Silverman Thompson lawyers Bill Sinclair and Anna Skelton recently convinced a New Jersey federal judge that he should compel arbitration of their suit, effectively dismissing a federal complaint. The plaintiff, Precision Funding Group, sued its competitor, National Fidelity Mortgage, for alleged interference with contracts and business opportunities (among other business torts). PFG based its complaint in large part on the actions of two former employees who left PFG to work for NFM. In addition to its suit against NFM, PFG initiated arbitrations against its former employees pursuant to a clause in their employment agreement, drafted by PFG, that required mandatory arbitration.
On behalf of NFM, Sinclair and Skelton argued that the federal suit against NFM was essentially the same suit that PFG brought in arbitration against its former employees and the Court should therefore “equitably estop” PFG from proceeding with its Federal claims. After extensive briefing and a lengthy hearing, the Court agreed, finding that even though NFM wasn’t a party to the employment agreements that provided for the mandatory arbitration, it had standing to compel arbitration because its claims were “inextricably intertwined” with those in arbitration.

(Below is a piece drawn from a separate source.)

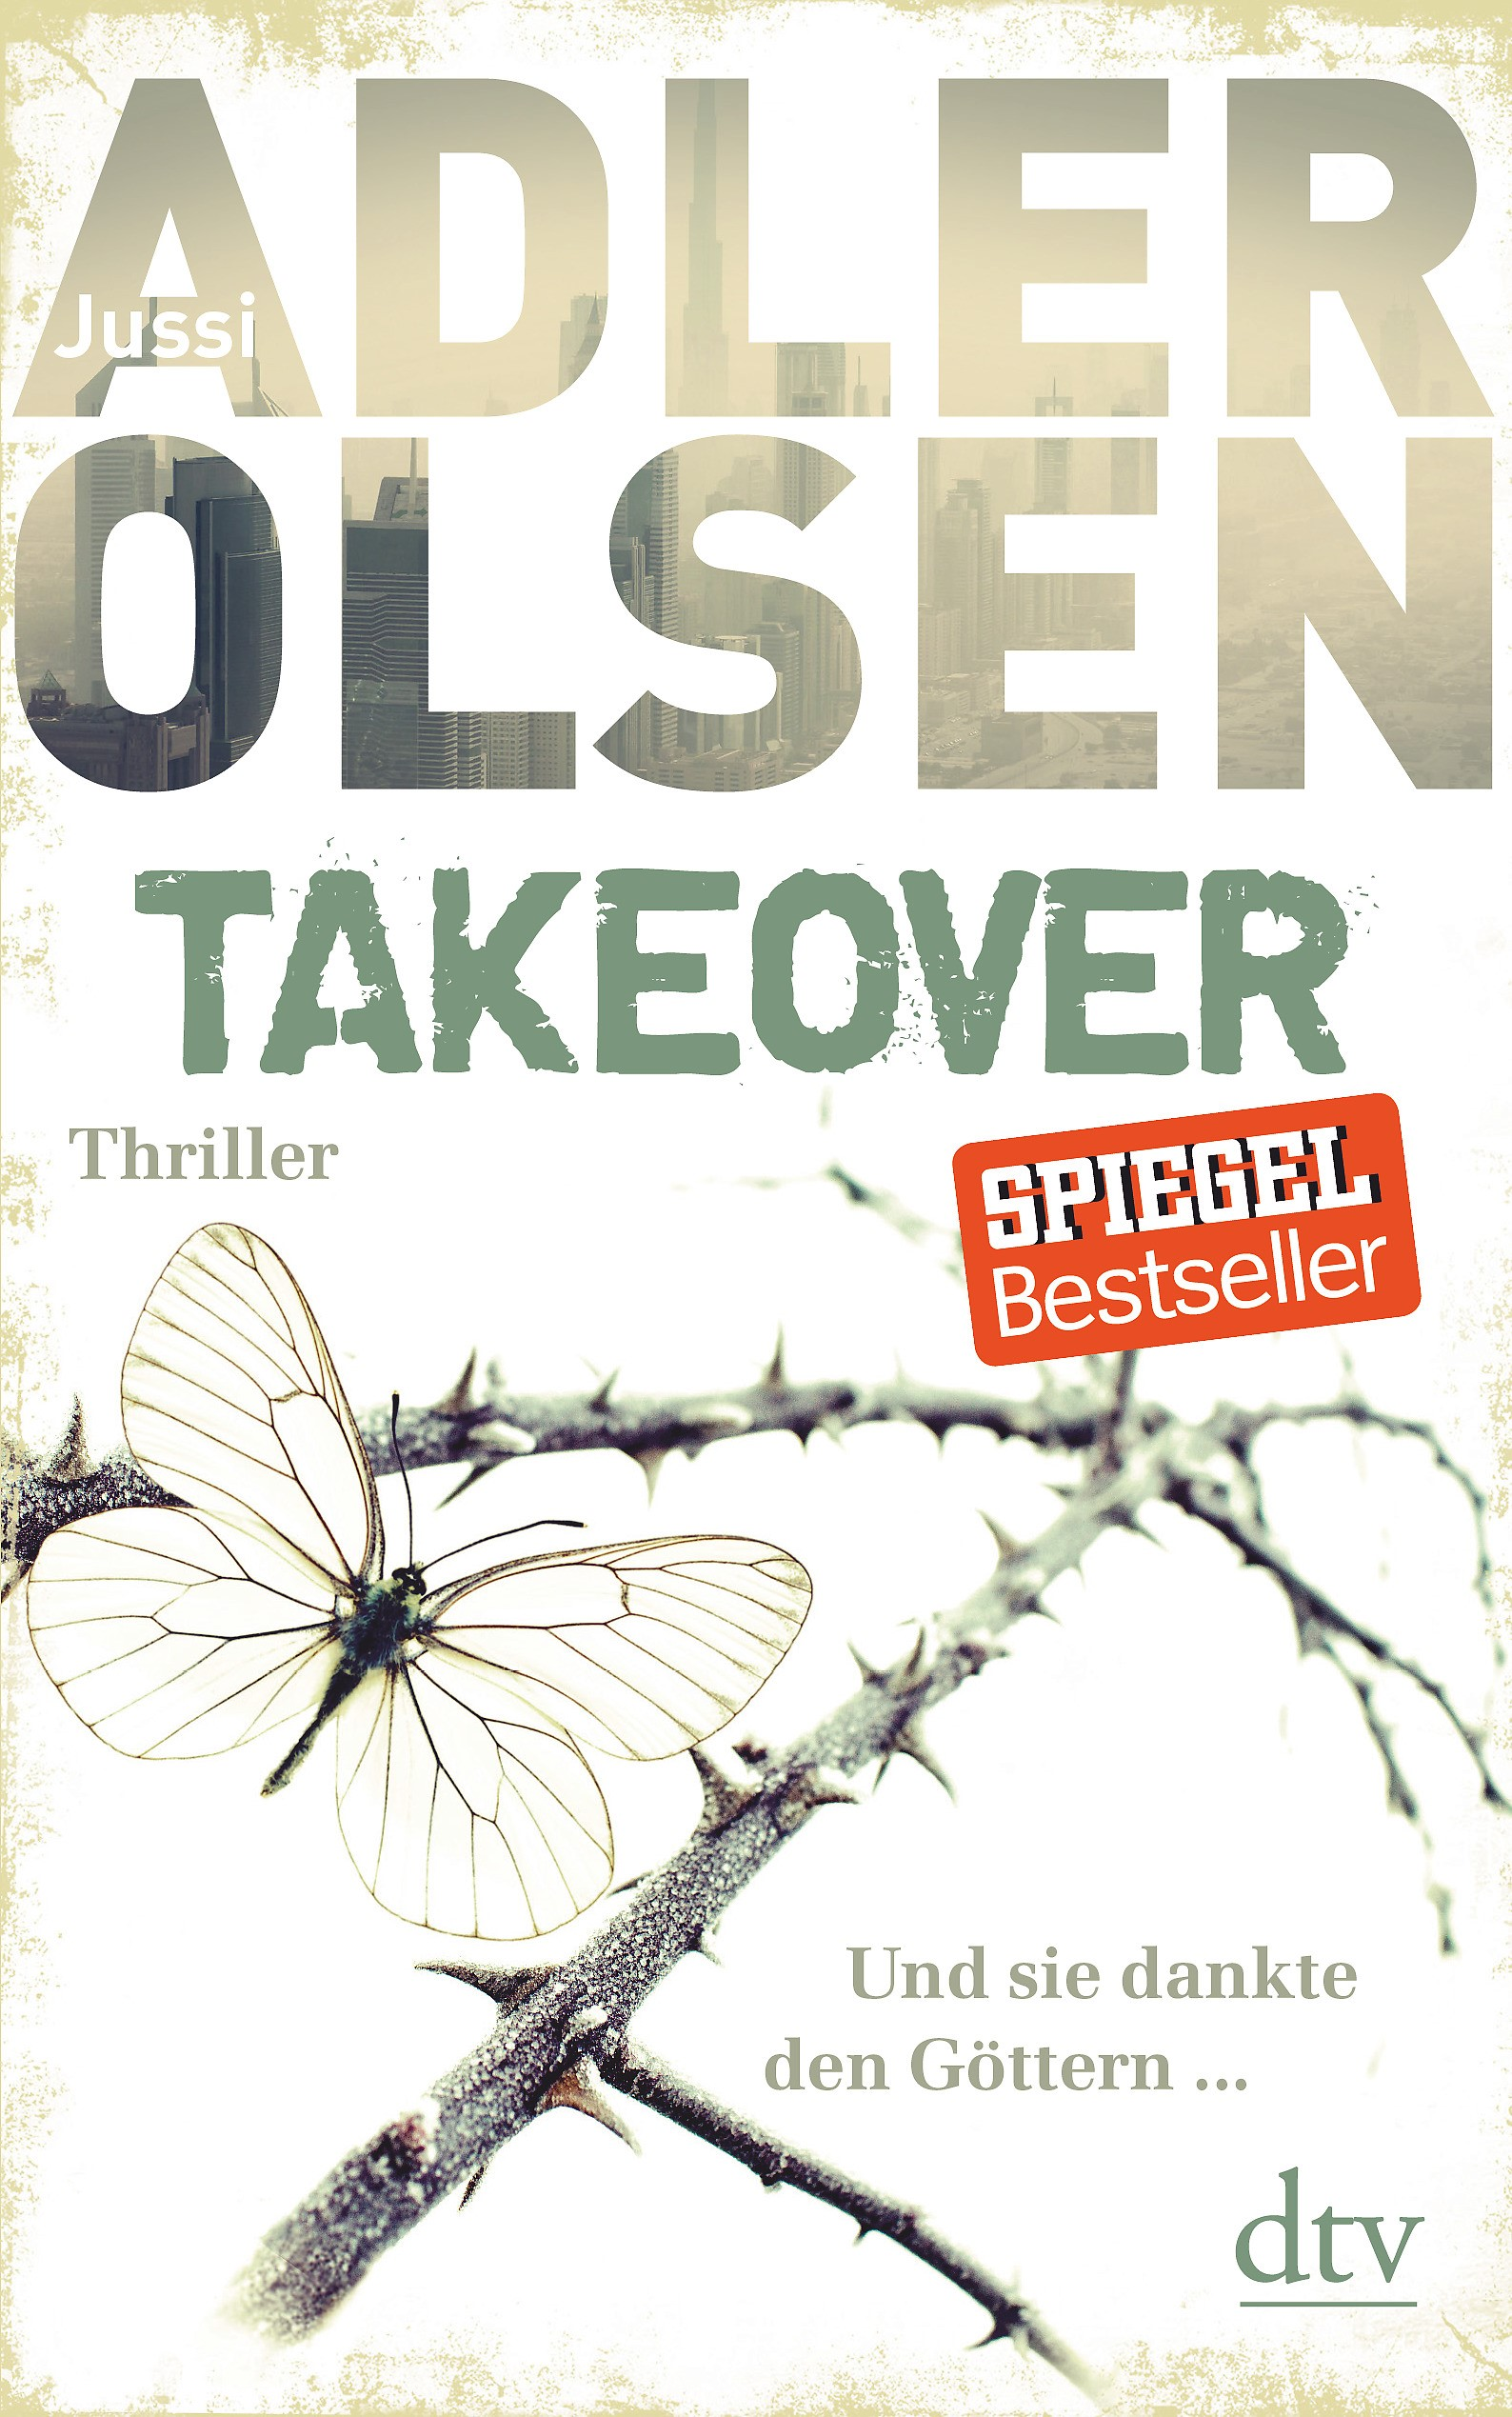 TAKEOVER. Und sie dankte den Göttern ... | Adler-Olsen, 2015 | Buch (Cover)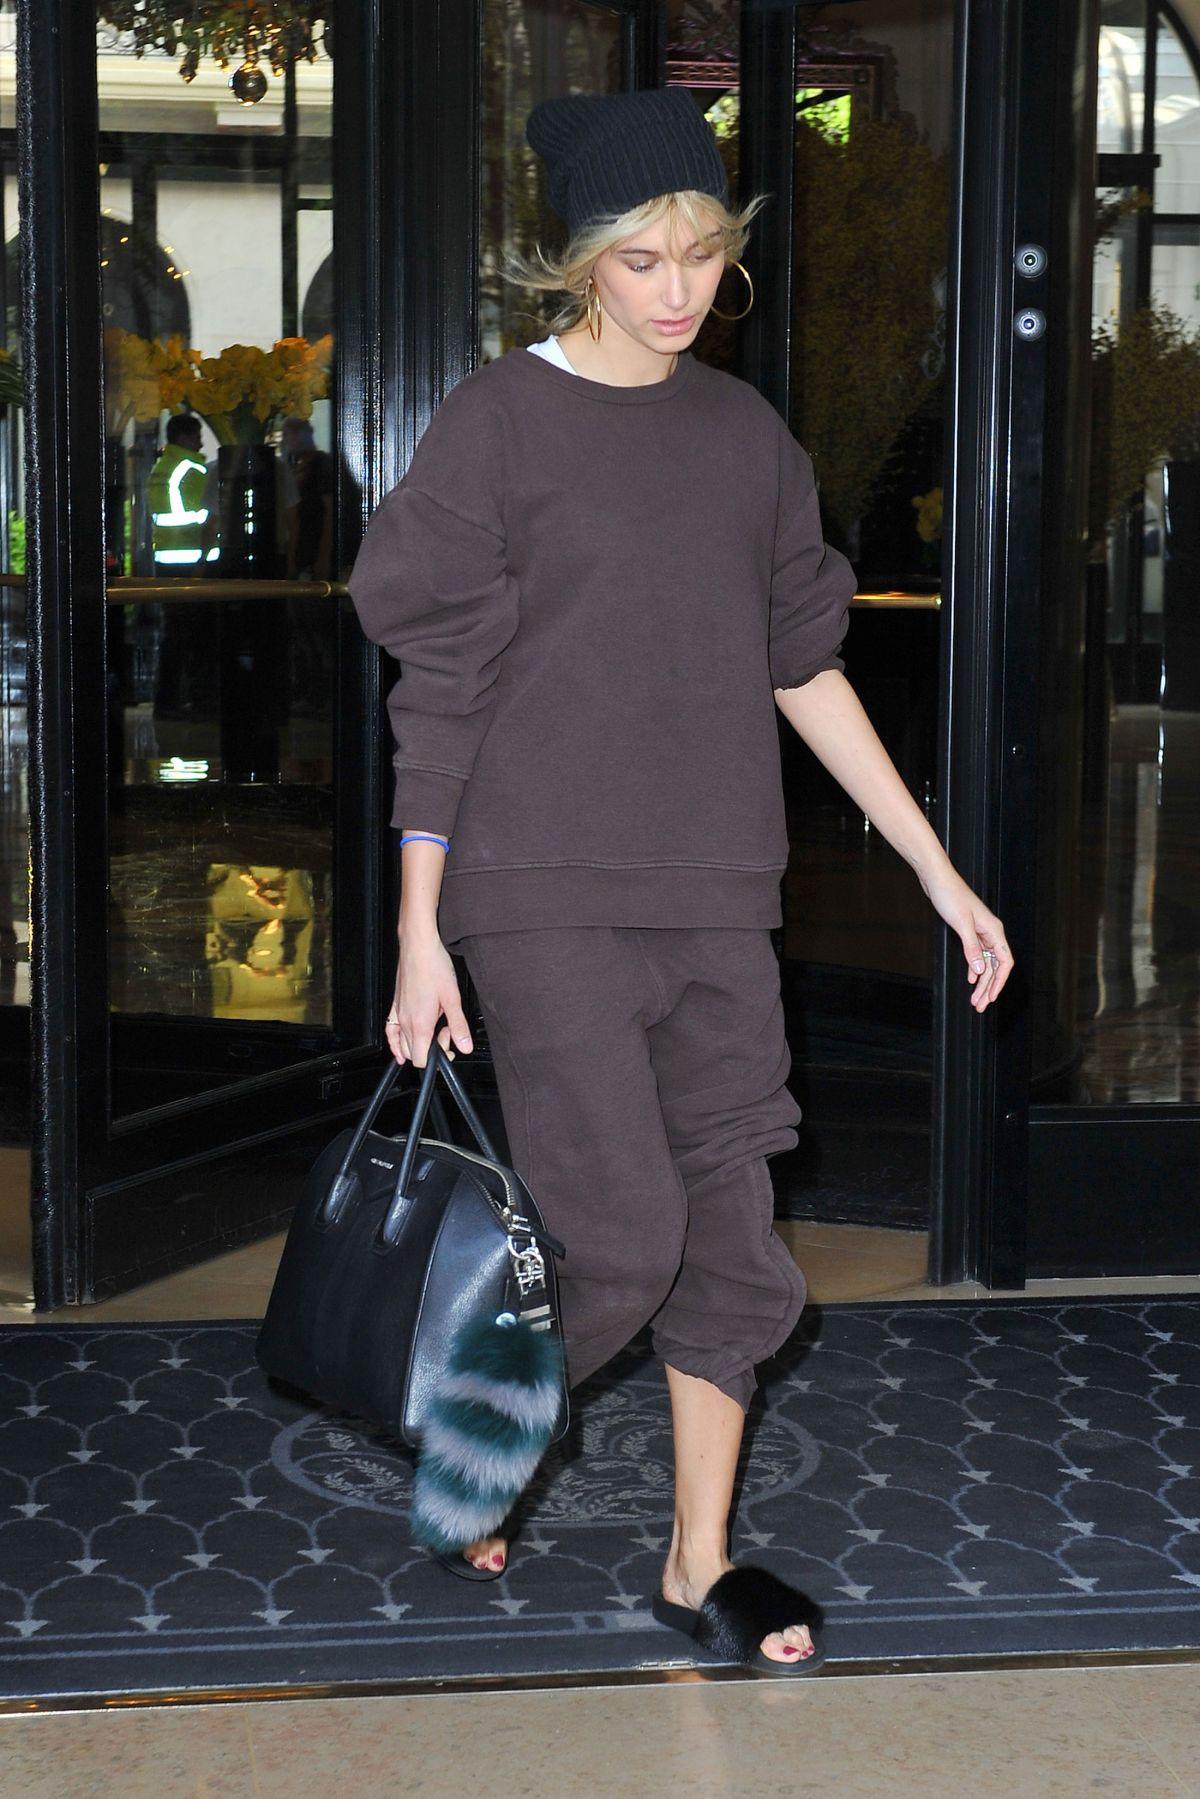 HAILEY BALDWIN leaves Her Hotel in paris 03/27/2017

STSW is widely-recognized as a premier litigation firm in the Mid-Atlantic region. Sinclair, who can be reached at bsinclair@silvermanthompson.com, and Skelton were recently honored as Maryland Super Lawyers for 2013 in the areas of business and civil litigation and their practices cover a wide range of business and commercial matters, including construction, employment, real estate, and business disputes.
A reported opinion can be found at Precision Funding Group v. National Fidelity Mortgage, 2013 U.S. Dist. LEXIS 76609 (D. N.J. May 31, 2013).